Персонифицированные подходы к первичной и вторичной профилактике с учетом генетического полиморфизма особенно важны и эффективны для предупреждения болезней с наследственной предрасположенностью, к которым относится коронарная и сердечная недостаточность. Исключение модифицируемых факторов, способствующих развитию патологического процесса, – прямой путь к профилактике таких болезней [13].

Выраженные различия в частоте встречаемости разработанных нами комбинированных генетических признаков предрасположенности к развитию хронической сердечной недостаточности ишемического генеза позволяют рекомендовать более широкое использование в кардиологической практике разработанных критериев ранней диагностики – генетических маркеров предрасположенности пациента к развитию коронарной и сердечной недостаточности.

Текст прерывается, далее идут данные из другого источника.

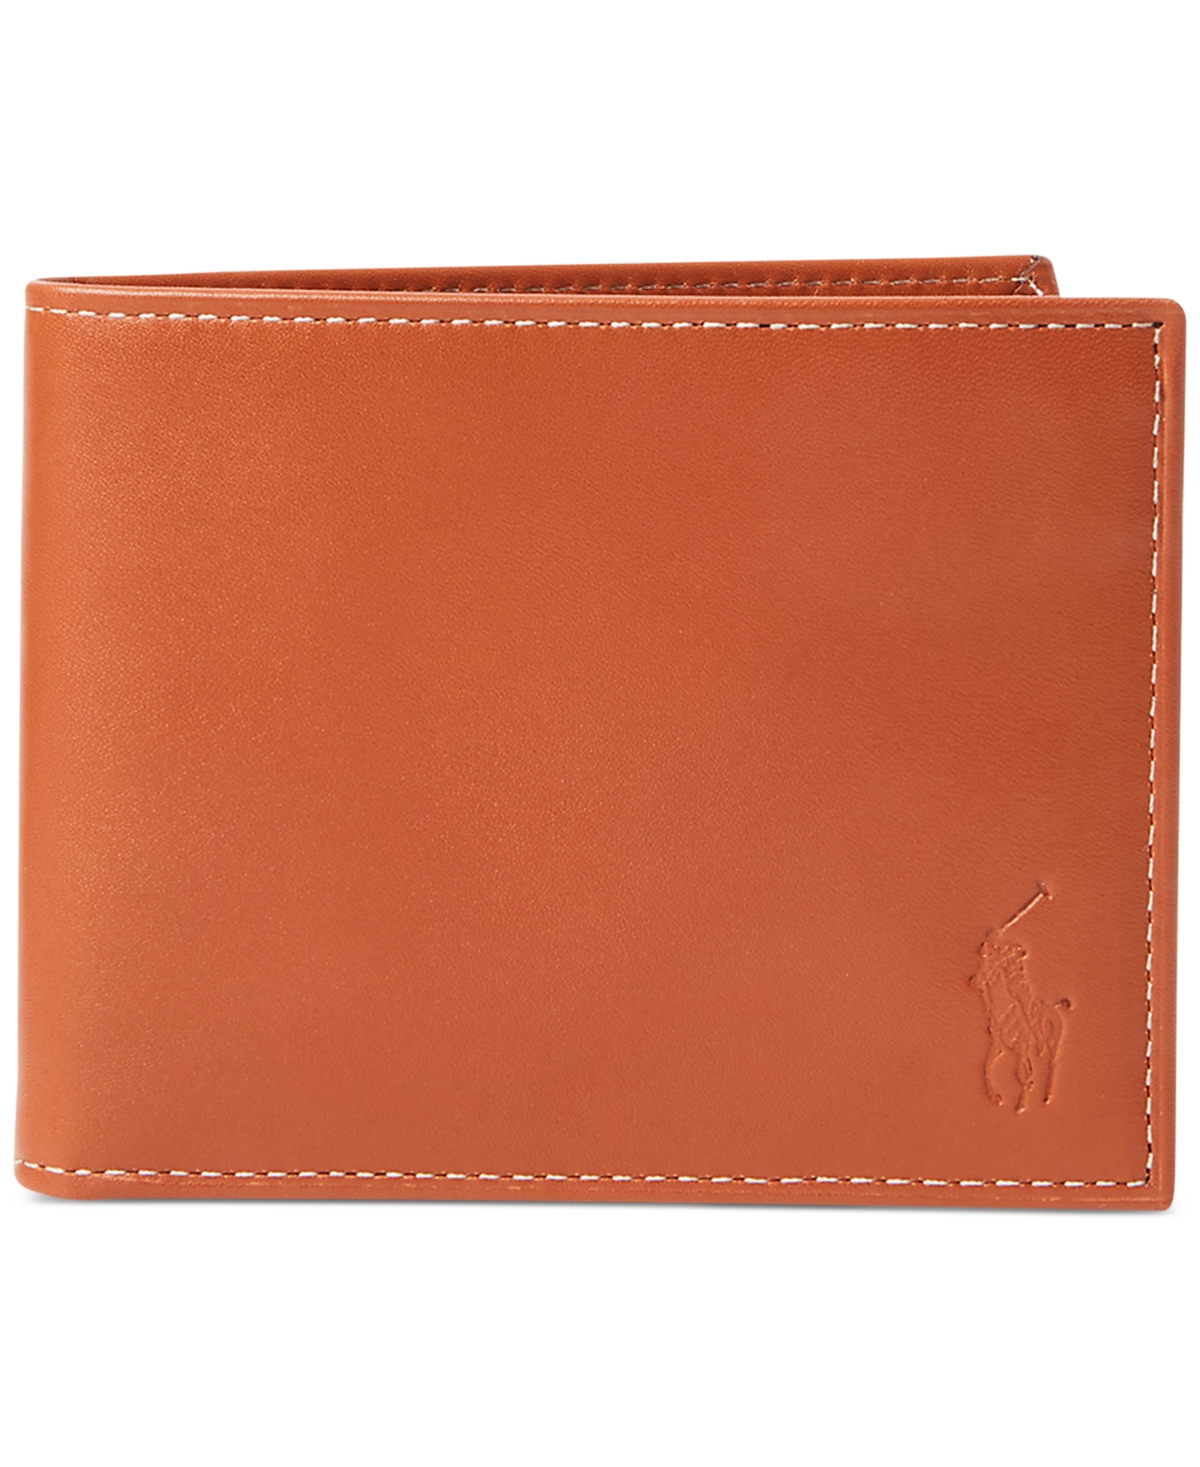 Men's Burnished Leather Passcase - Brown

Носители генотипа del/del полиморфного локуса -652(6N) I/D гена каспазы 8 представляют особую популяцию высокого риска развития хронической сердечной недостаточности, поэтому именно эти пациенты с ИБС составляют, прежде всего, приоритетную группу диспансерного наблюдения с организацией эффективных целевых профилактических мероприятий, направленных на улучшение качества жизни пациентов и предотвращение у них исключительно высокой преждевременной смертности.

Подходы к профилактике развития сердечно-сосудистых заболеваний, в основе которых лежит концепция факторов риска, должны быть направлены на выявление людей с генетической предрасположенностью к развитию патологии для последующего снижения риска ее развития. Это снижение достижимо с помощью профилактических мероприятий, направленных на изменение влияния модифицируемых факторов риска развития сердечно-сосудистых заболеваний.

Таким образом, проведенное нами исследование полиморфизмов гена каспазы 8, играющей важную роль в патогенезе ишемического ремоделирования левого желудочка, в развитии постинфарктной дисфункции сердца и хронической сердечной недостаточности, открывает новые перспективы для понимания не известных ранее молекулярно-генетических механизмов инициации, становления и прогрессирования коронарной и сердечной недостаточности, а также для ранней диагностики развития и течения патологии с целью осуществления своевременных профилактических мероприятий.

Носительство аллеля del и генотипа del/del полиморфного локуса -652(6N)I/D гена каспазы 8 ассоциируется с повышенным риском развития хронической сердечной недостаточности и является прогностическим фактором неблагоприятного течения заболевания.

При оценке наследственной предрасположенности к развитию хронической сердечной недостаточности в популяции Западной Сибири целесообразно внедрение метода генетического тестирования в клиническую практику обследования пациентов с целью формирования групп повышенного риска заболевания и раннего прогнозирования тяжести течения хронической сердечной недостаточности для осуществления эффективных профилактических мероприятий. Типи-рование полиморфного локуса -652(6N)I/D гена каспазы 8 позволяет выявить лиц с предрасположенностью к развитию и неблагоприятному течению хронической сердечной недостаточности ишемического генеза.